For the current malaise, one precipitant seems to be ‘Innocence of Muslims’, a “film” that was not endorsed by the US government and was denounced by most anyone who is anyone, including the President, Secretary of State, and anyone else at a microphone. But even describing the film as the sole precipitant of recent violence is not wholly accurate.  The attack on the US consulate in Benghazi, according to recent reports, were planned by Salafists exploiting the protests as cover to take revenge for the death of a high-ranking official from a drone attack. Another catalyst for the expansion of this violence has to be attributed to these groups.

The preconditions for this kind of violence are much more complicated. Certainly, these events unleash existing popular anger against the US and its policies — some of deserved and some not. Some in the region remember that the US was helpful in expelling Khaddafi, and others remember how American support helped maintain Mubarak and others like him for far too long.

To be clear and before I get hate mail from all sides, free speech — even stupid free speech — is a hallmark of American democracy. If this were all only about a bad B movie, then I still wouldn’t concur with those calling these events an Arab Winter. It is important to remember that countries where these protests are occurring are filled with millions of people that aren’t protesting.  Do all Americans support the Tea Party? Occupy? The Westboro Baptist church? Why treat other societies as monoliths?

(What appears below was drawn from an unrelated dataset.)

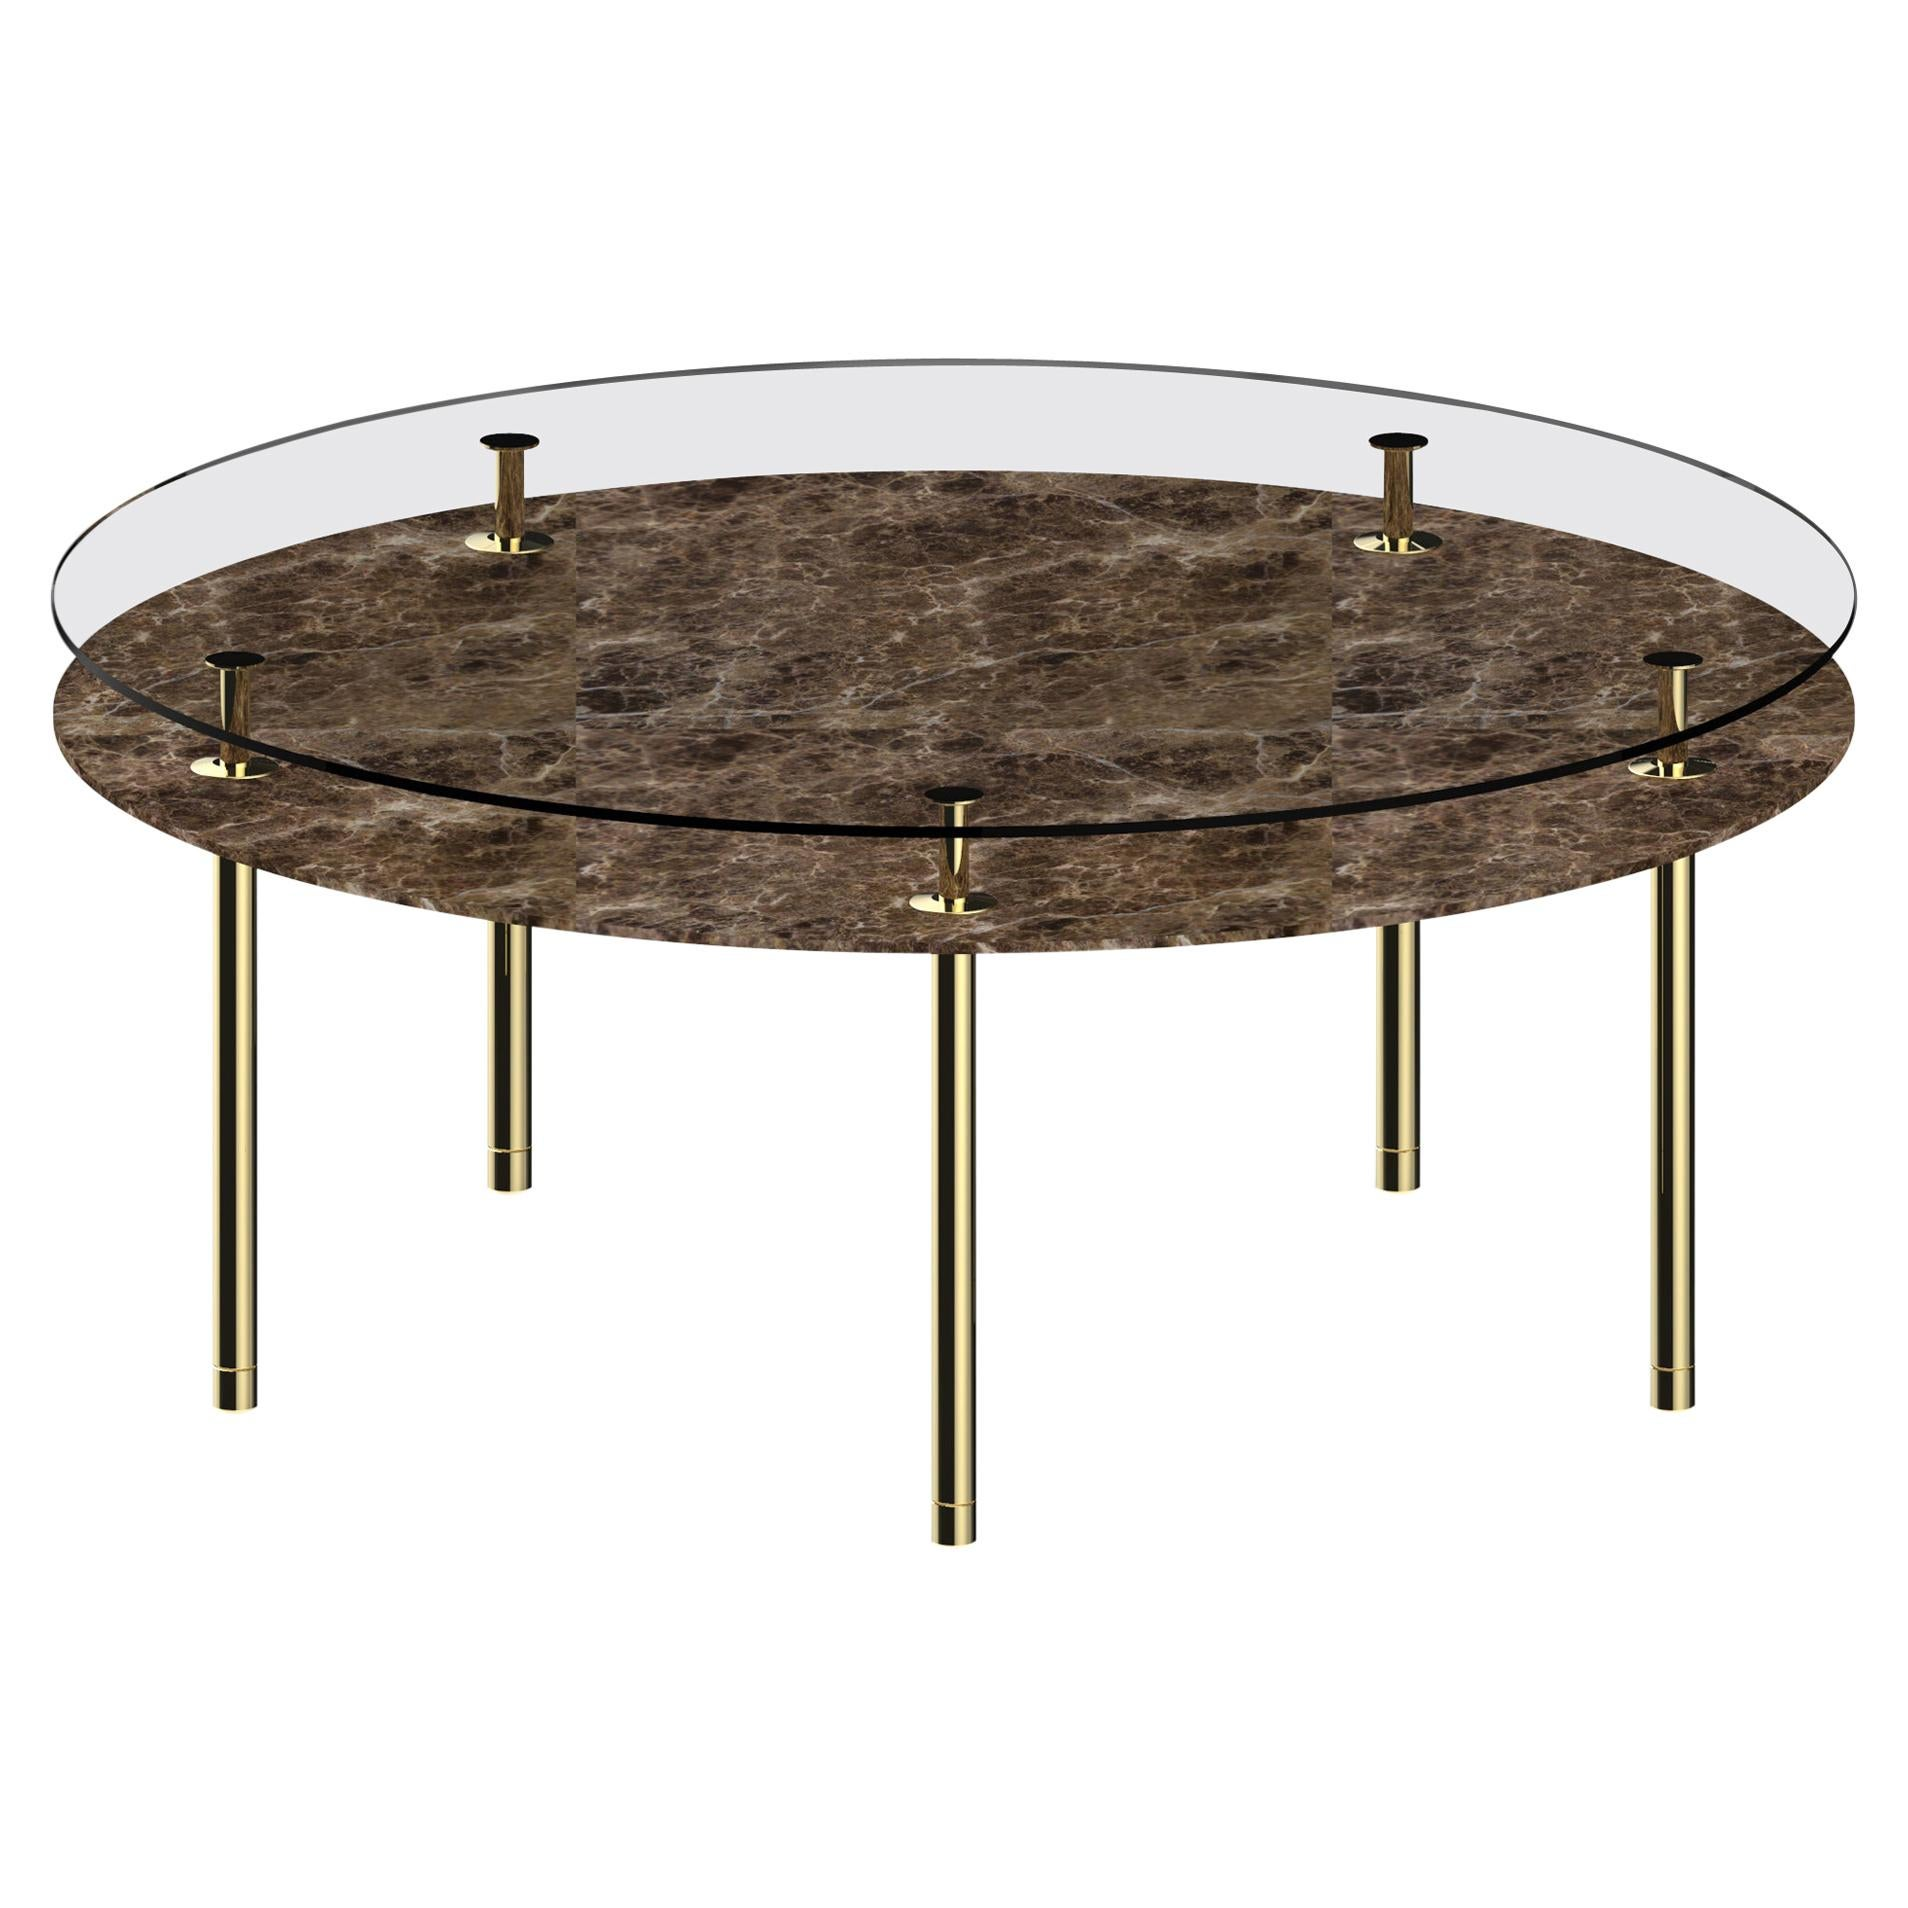 Ghidini 1961 Legs Round Table with Emperador Dark Marble Top by Paolo Rizzatto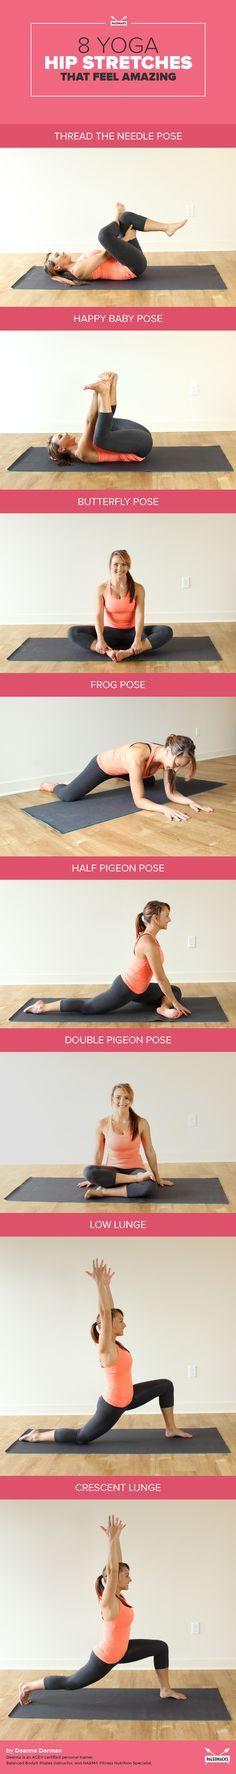 8 Yoga Hip Stretches That Feel Amazing

Most importantly, however, it isn’t just about the movie. Harry Truman once wished for a one-handed economist as his economic advisors were always saying “on the one hand…and on the other”. Big events in world politics rarely have one cause, rarely can be attributed to one catalyst, and cannot be reduced to one side’s failings. An Arab Winter makes a nice sound bite, but the causes are likely a combination of US policy, the nature of power in the international system, extremists in the region, spoilers, history, and other factors.

  1. What I find most curious is when people cite the video as “the cause” of a particular act of violence in Afghanistan. The video may have played a role, but it hardly seems necessary to find an outside source for violence in a country that has been at war for 30 years.